Using GPU accelerated data science library

Edit me

You need the tf2-rapids-py39 conda environment for this example to work, refer to the conda page for details

### Change the visible GPU incase one of them is full
# import os
# os.environ["CUDA_DEVICE_ORDER"]="PCI_BUS_ID"
# os.environ["CUDA_VISIBLE_DEVICES"]="1"

GPU Accelerated Dataframes

Check the available GPUs

Jupyter Magic Commands

!nvidia-smi

We will use the %time magic command command to measure the time it takes to run a single command, and we will use %%time to measure the runtime of the entire cell.

from time import sleep

%time sleep(2)

%%time
sleep(2)
sleep(1)

GPU Dataframes

Reading Data

import cudf # Can be used inplace of pandas in almost all cases
import cupy as cp # Can be used inplace of numpay in almost all cases

import pandas as pd
import numpy as np

%time gdf = cudf.read_csv('/data/datasets/rapids/pop_1-03.csv')

%time df = pd.read_csv('/data/datasets/rapids/pop_1-03.csv')

gdf.shape

df.shape

Writing Data

GPU

%time blackpool_residents = gdf.loc[gdf['county'] == 'BLACKPOOL']
print(f'{blackpool_residents.shape[0]} residents')

%time blackpool_residents.to_csv('/data/datasets/rapids/blackpool.csv')

CPU

%time blackpool_residents_pd = df.loc[df['county'] == 'BLACKPOOL']
print(f'{blackpool_residents_pd.shape[0]} residents')

%time blackpool_residents_pd.to_csv('/data/datasets/rapids/blackpool_pd.csv')

Data Filtering

GPU

%%time
sunderland_residents = gdf.loc[gdf['county'] == 'Sunderland']
northmost_sunderland_lat = sunderland_residents['lat'].max()
counties_with_pop_north_of = gdf.loc[gdf['lat'] > northmost_sunderland_lat]['county'].unique()

CPU

%%time
sunderland_residents = df.loc[df['county'] == 'Sunderland']
northmost_sunderland_lat = sunderland_residents['lat'].max()
counties_with_pop_north_of = df.loc[df['lat'] > northmost_sunderland_lat]['county'].unique()

Data Cleaning

%time gdf['county'] = gdf['county'].str.title()

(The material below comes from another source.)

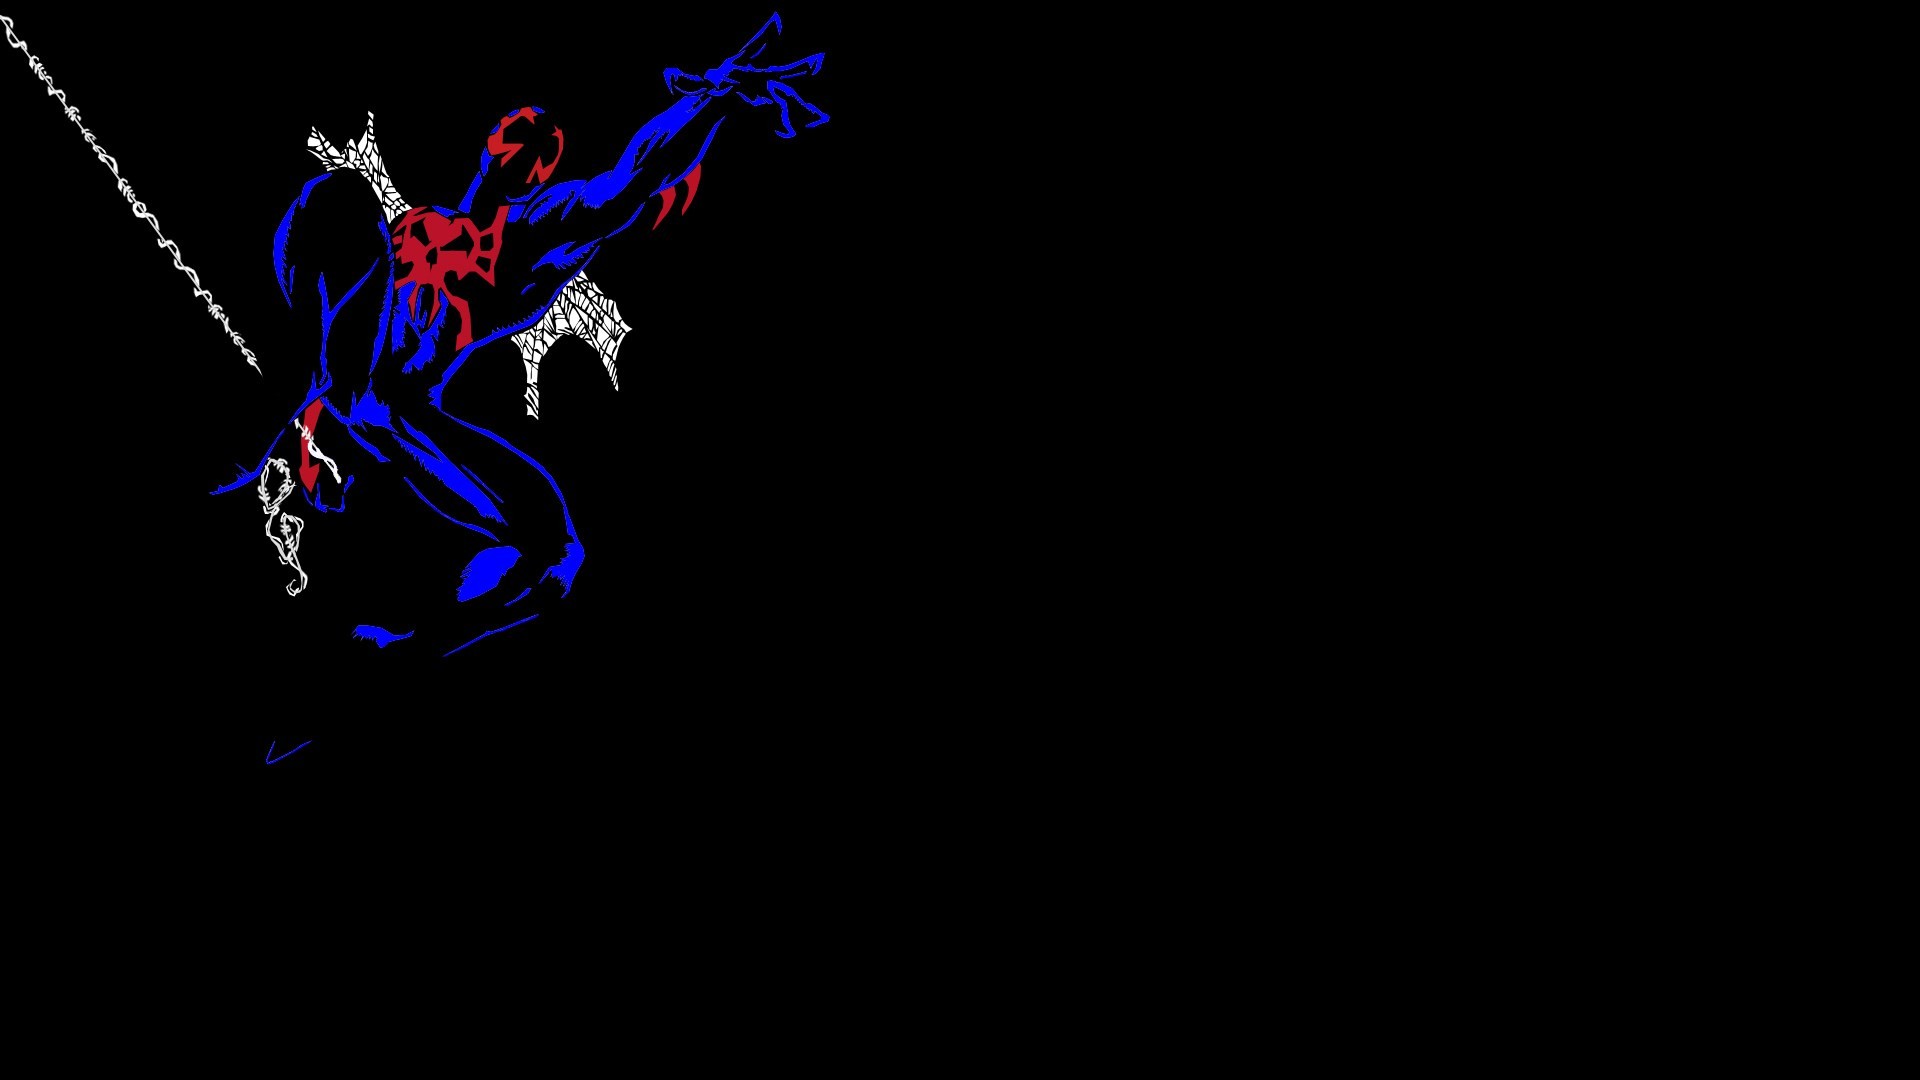 1920x1080 spider man 2099 theme picture by Gauge Kingsman (2017-03-09)

%time df['county'] = df['county'].str.title()

GPU Accelerated Graphs

import cugraph as cg # Can be used inplace of networkx

import networkx as nx

Reading the nodes

road_nodes = cudf.read_csv('/data/datasets/rapids/road_nodes_1-06.csv')
road_nodes.head()

road_nodes.dtypes

road_nodes.shape

road_nodes['type'].unique()

Reading the edges

road_edges = cudf.read_csv('/data/datasets/rapids/road_edges_1-06.csv')
road_edges.head()

road_edges.dtypes

road_edges.shape

road_edges['type'].unique()

road_edges['form'].unique()

Cleaning the data

road_edges['src_id'] = road_edges['src_id'].str.lstrip('#')
road_edges['dst_id'] = road_edges['dst_id'].str.lstrip('#')
road_edges[['src_id', 'dst_id']].head()

Creating the graph objects

G = cg.Graph()
%time G.from_cudf_edgelist(road_edges, source='src_id', destination='dst_id', edge_attr='length')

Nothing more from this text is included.